Antonio Kelly peered into sunny new rooms that will soon be buzzing with barbers, mental health counselors and job trainers — all in the same building as his new apartment.

"It's big," said Kelly, 42, who's been homeless for three years and moved into his own apartment at the Dorothy Day Residence last month. "I have somewhere to lay my head."

Construction crews are now wrapping up work on the second and final building of the new Dorothy Day Place campus in downtown St. Paul before Catholic Charities of St. Paul and Minneapolis officially opens it next week. Already, about 100 residents have moved into the six-story building that has 177 affordable apartments and a new resource center that will be a one-stop shop for career training, a dental clinic, a hair salon and other services.

"That is a dream come true for them and for us," said Catholic Charities CEO Tim Marx. "We have a dire crisis in affordable housing."

The $100 million project — the largest public-private partnership of its kind in Minnesota history — is the latest addition in the Twin Cities to tackle the shortage in affordable housing.

Higher Ground St. Paul, which opened in 2017 across the street and has 356 emergency shelter beds and 193 permanent housing units, is at capacity. By the end of the year, Marx said, the new Dorothy Day Residence will also have a waiting list.

On Wednesday, a few people stashed blankets and luggage outside Higher Ground as they waited for a bed. The buildings, near the Xcel Energy Center, aren't far from where a homeless encampment appeared last year.
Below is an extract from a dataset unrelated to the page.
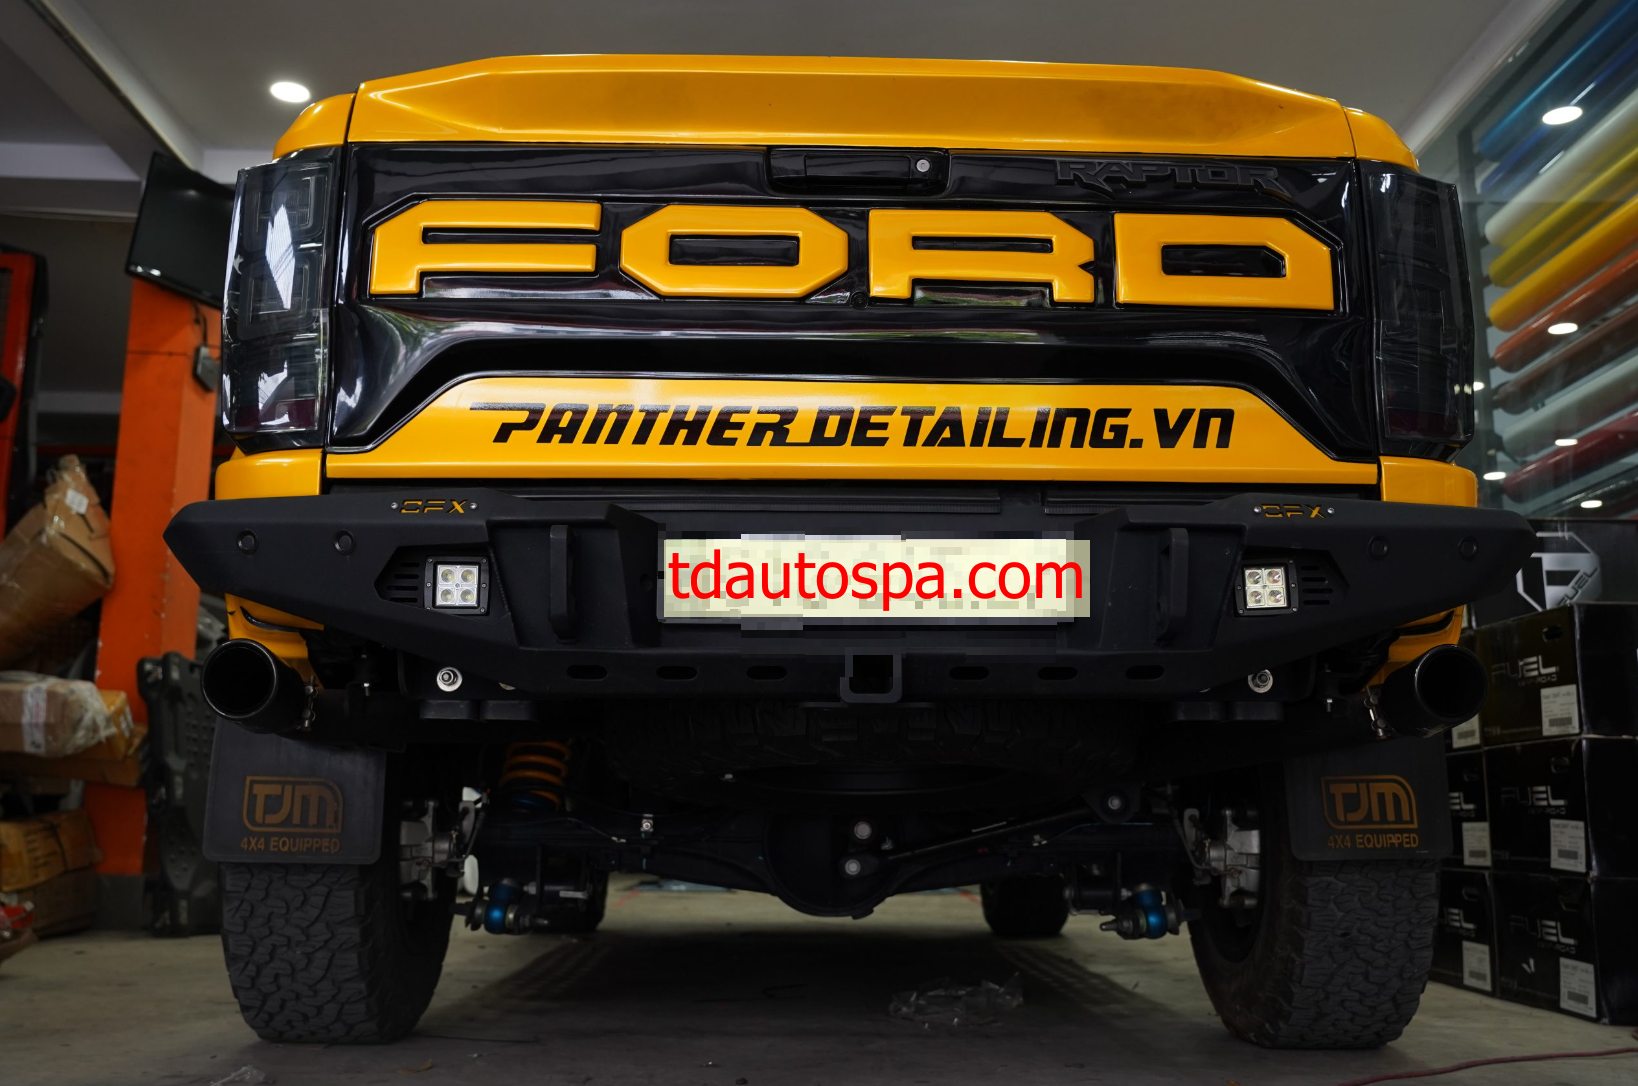 Cản sau Offroad X cho Ford Ranger Raptor

"Three years ago, we wouldn't have predicted this," Marx said of the growing need for shelters and housing. "It clearly is not enough."
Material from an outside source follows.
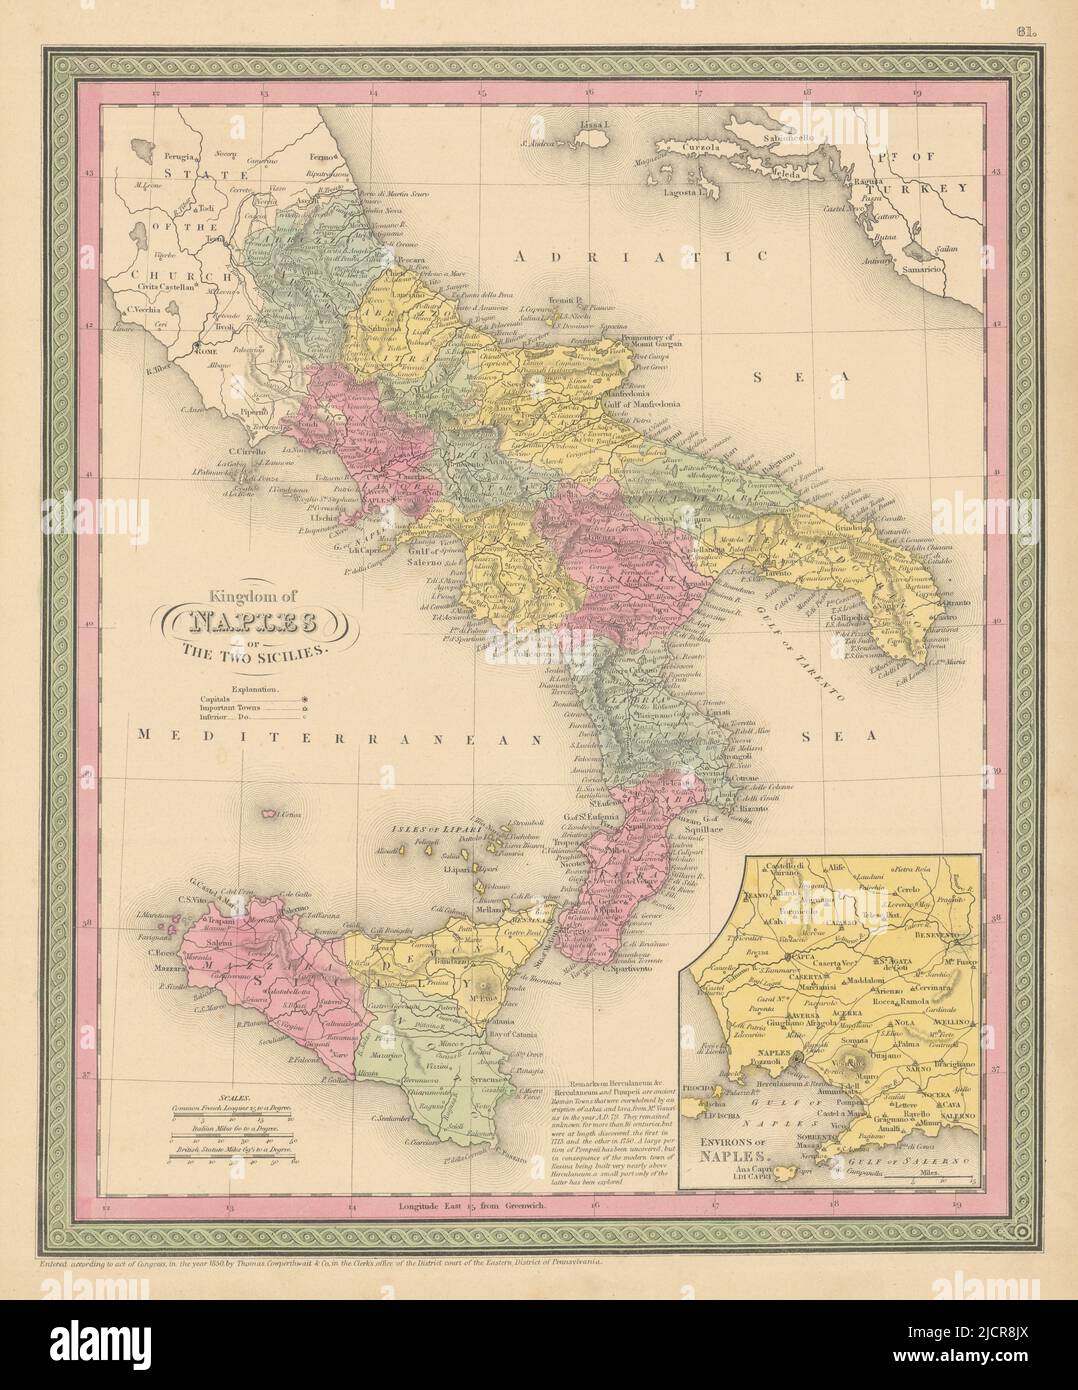 Regno di Napoli o delle due Sicilie. Italia meridionale. Mappa COWPERTHWAIT 1852 Foto Stock

Across the Twin Cities, low apartment vacancy rates, rising rents and affordable apartments converted into luxury units are leaving low-income people struggling to find a home. Homelessness has reached a record high, rising 10% since 2015 to 10,233 people, according to a report released earlier this year by Wilder Research. While the number of homeless families is declining, the number of homeless adults ages 25 to 54 rose 20%. The demographic with the biggest increase: adults age 55 and older.

"The challenge we're confronting is there is more need than we anticipated," Marx said.

The Dorothy Day Residence, built on the site of the former emergency shelter demolished in 2017, and Higher Ground St. Paul, are the largest structures they could build on the site, Marx said. It's a vast improvement from what was there before: a crowded emergency shelter with room for 250 people sleeping on floor mats while neighboring Mary Hall had 75 permanent units.

Now, the two buildings offer more "dignified" options, with emergency shelter bunk beds for 356 people and permanent housing for 370 people, green spaces with gardens and trees, lots of windows for natural light and even wellness and meditation rooms.

Marx said broader efforts are needed to increase and keep affordable housing, prevent eviction and invest in workforce training and mental health services.

"The economy has grown significantly and improved, but it hasn't grown and improved for everybody, particularly at the low-wage level or those who are very poor, while housing prices have increased," Marx said. "And we have to have strategies in place to address that mismatch."

The Metropolitan Council projects there will be a need for an additional 39,700 affordable housing units from 2021 to 2030.

Other nonprofits are trying to respond to that. St. Paul-based Commonbond Communities recently closed on four new properties — from Stonehouse Square Apartments in northeast Minneapolis to buildings in Eden Prairie, Shakopee and Hastings — that will add 121 affordable units and preserve 101 existing affordable apartments. In Minneapolis' North Loop, Beacon Interfaith Housing Collaborative opened a new apartment building for men formerly incarcerated.

Catholic Charities is also sharpening its focus, announcing last year that the organization was dropping its refugee resettlement and adoption programs and diving deeper into its other work, particularly programs helping the homeless and at-risk children.

Fifteen of the units at the Dorothy Day Residence are dedicated for veterans and 11 are for homeless young adults ages 18-24.

The building includes free meals, laundry and the resource center called the Richard M. Schulze Family Foundation St. Paul Opportunity Center. Staff from Ramsey County and about a dozen organizations will work there. It's modeled after Catholic Charities' Higher Ground in Minneapolis that opened in 2012.

The campus was funded by a $40 million fundraiser — $5 million from the Richard M. Schulze Family Foundation, the Best Buy founder's charity arm, was the biggest donation — and $60 million from the state, Ramsey County, city of St. Paul, Met Council and federal tax credits for capital funding.

"Every Minnesotan deserves a safe place to call home," Gov. Tim Walz said in a statement. "Dorothy Day Place is a prime example of the innovation and compassion that is quintessentially Minnesotan, and this new campus will boost its efforts to combat homelessness in our state."

Kelly said he bounced from couch to couch before getting help from Catholic Charities. Now, he's just grateful for his own room and the help to get him back on his feet.

"I couldn't stop smiling," he said of moving into his new apartment. "It keeps you out of the cold."